To possess all that vast cosmological knowledge and believe it all to be be nothing but random collisions of insensate molecules, including one’s own very existence,
Now THAT’S loneliness!
...they’re out there........waiting...waiting...
bump bkmrk for Sunday study...Thanks Alex.
But what if he's not Mormon?
He used to be an atheist, today he is a believer.
Scientology here they come
I don't see how this follows. The Bible says nothing about the Western Hemisphere, and yet we can't infer that intelligent life doesn't exist here.
There are even huge amounts of things that Jesus said and did, that are not mentioned in the Bible. So many things, St.

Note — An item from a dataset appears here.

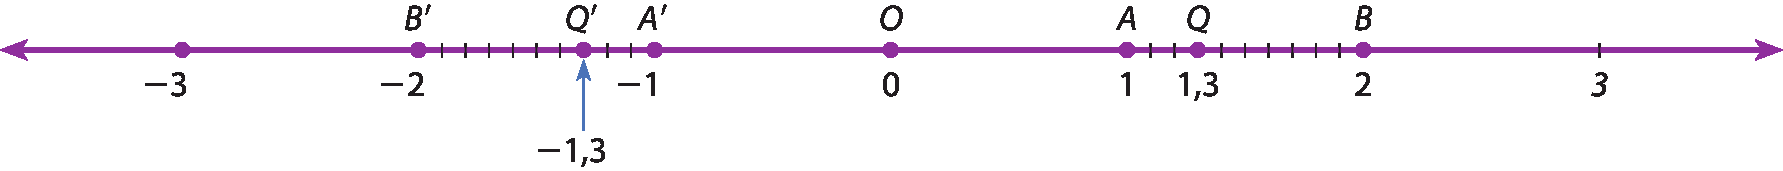 Ilustração. Reta numérica com os pontos: menos 3, B linha igual menos 2, Q linha igual menos 1 vírgula 3, A linha igual menos 1, O igual 0, A igual 1, Q igual 1 vírgula 3, B igual 2, 3. Os segmentos B linha A linha e A B estão divididos em 10 partes iguais.

John says, that if they were all written, the earth could not hold all the books.
Some Bible scholars interpret null and void, not as if there’s nothing there, but what the earth was originally before God worked on it, an ice ball or a planet like Venus.
It’s possible that Moses, in vision, was standing on the Earth when it looked more like Venus and wrote down what he saw as God did His work.
For example, when God cleared the clouds and let the sun and stars lights finally shine through, to Moses that may have looked like God created them right then, when it was simply that they were not visible on the Earth until then.
“He (Carl Sagan) used to be an atheist, now he is a believer.”
THEOLOGICAL MONEY QUOTE OF THE YEAR!
You, my FReeper, just took Richard Dawkins and knocked him for a row of ash cans, because the atheist cannot will the end of his own existence, as there is a Someone Who alone can decide the atheist’s fate.
Thank you, sir, thank you, tomorrow’s Sunday worship has been immeasurably brightened!
:^)
Then provides his own answer; it is unknowable, but please attend my conference anyway.
"It must be so" is not a very good scientific argument.